Gesellschaftsdrama

„Loveless“ im Kino

Es ist kalt in Russland – Lieblosigkeit allerorten

Alpenrepublik

Ein Paar aus der russischen Mittelschicht in ­Moskau hat sich gründlich auseinandergelebt. Der Mann und die Frau haben neue Partner, mit dem gemeinsamen Sohn wollen beide möglichst wenig zu tun haben. Der Junge zieht die verzweifelte Konsequenz: Er verschwindet. Eine groß ­angelegte Suchaktion einer merkwürdigen, leicht paramili­tärisch anmutenden Freiwilligenorganisation führt weiter ins Niemandsland und zu einem denk­würdigen Besuch bei einer postsowjetischen Monstermutter.

Irgendwo muss die Lieblosigkeit ja herkommen, von der Andrey Zvyagintsev in „Loveless“ erzählt. Sie steckt aber auch in den Gebäuden und im ­Klima – und in den kühlen, oft halbdunklen Bildern. Im Radio und im Fernsehen wird Geschichte ­gemacht, die Stimmung ist apokalyptisch, der ­Ukrainekonflikt beginnt. Die Menschen, aus denen sich noch eine Zivilgesellschaft bilden könnte, zeigt Zvyagintsev als hoffnungslos verloren und sinnlos materialistisch.

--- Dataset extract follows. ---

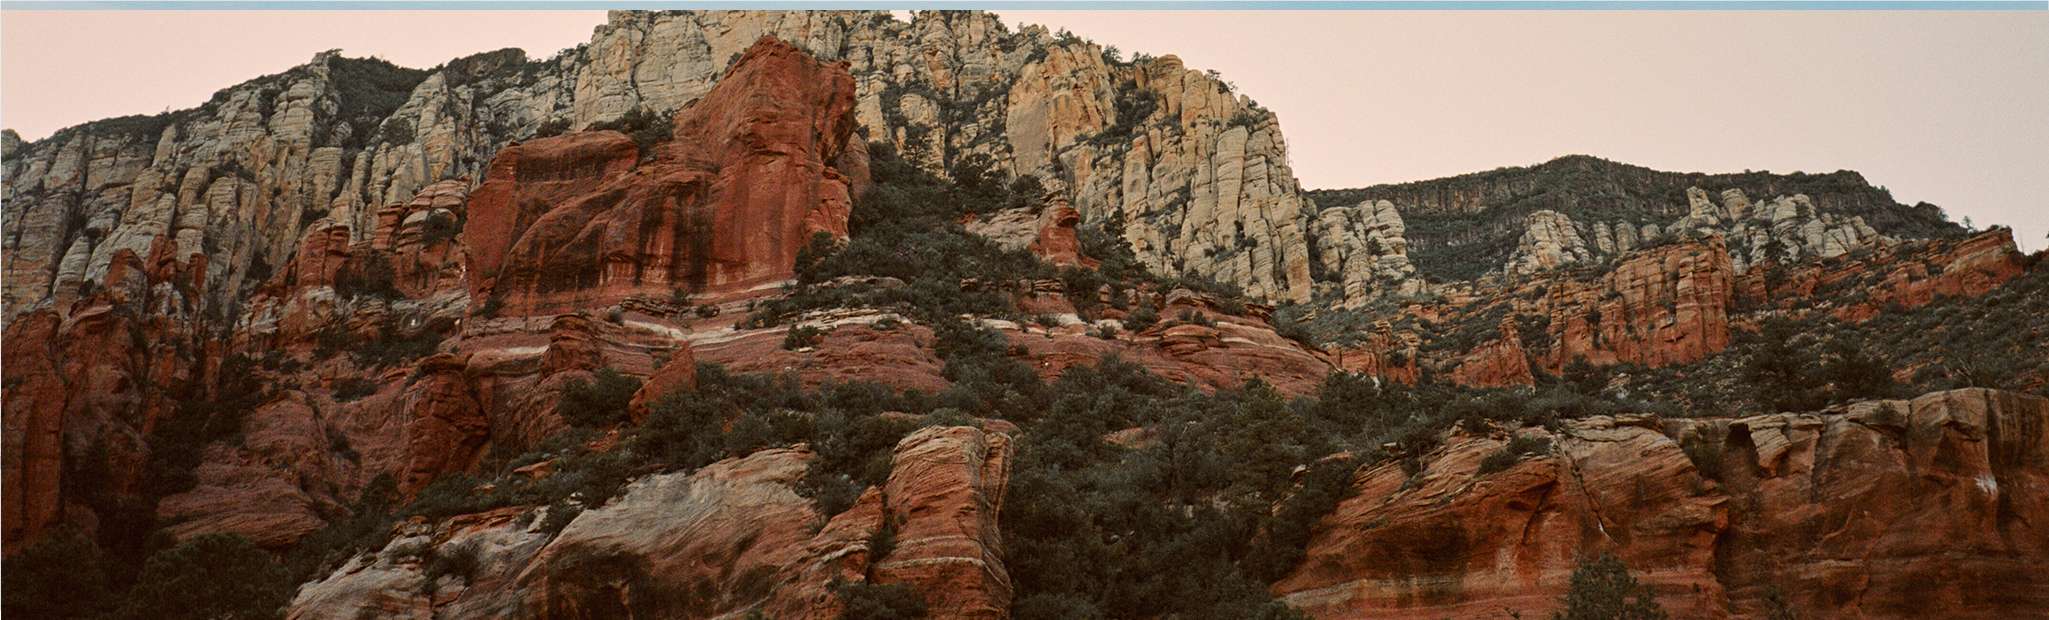 red rocks in sedona arizona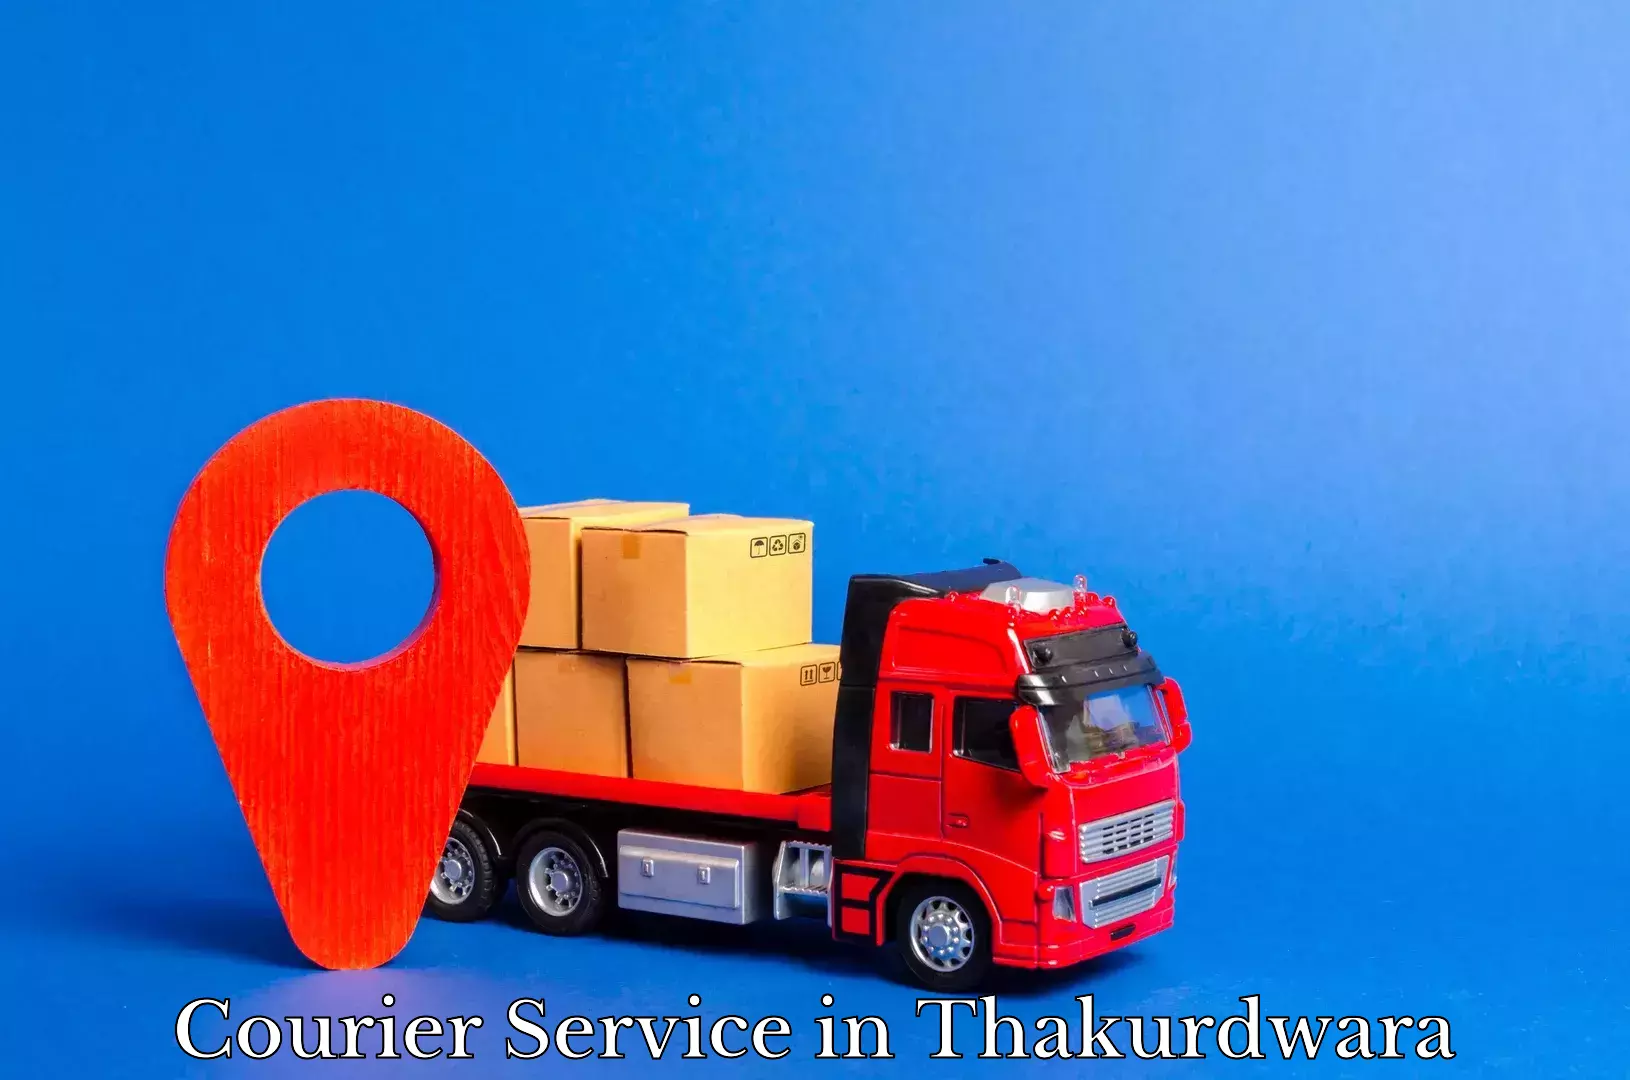 E-commerce fulfillment in Thakurdwara

2014 erzählte der aus Nowosibirsk stammende Regisseur in dem Geniestreich „Leviathan“ eine Geschichte aus der russischen Provinz, in der die Korruption und Rechtlosigkeit, von der das ganze Land geprägt ist, wie in einer Modellsituation ­erkennbar war. Nun wendet Zvyagintsev sich den Menschen zu, von denen am ehesten eine ­Erneuerung der Gesellschaft zu erwarten sein könnte. Sein Befund könnte, wie schon in ­„Leviathan“, pessimistischer nicht sein. Ein spannendes Drama – und ein wichtiger Film über das heutige Russland.

Nelyubov (OT) RUS/F/B/D 2017, 127 Min., R: Andrey Zvyagintsev, D: ­Maryana Spyvak, Alexey Rozin, Matvey Novikov, Start: 15.3.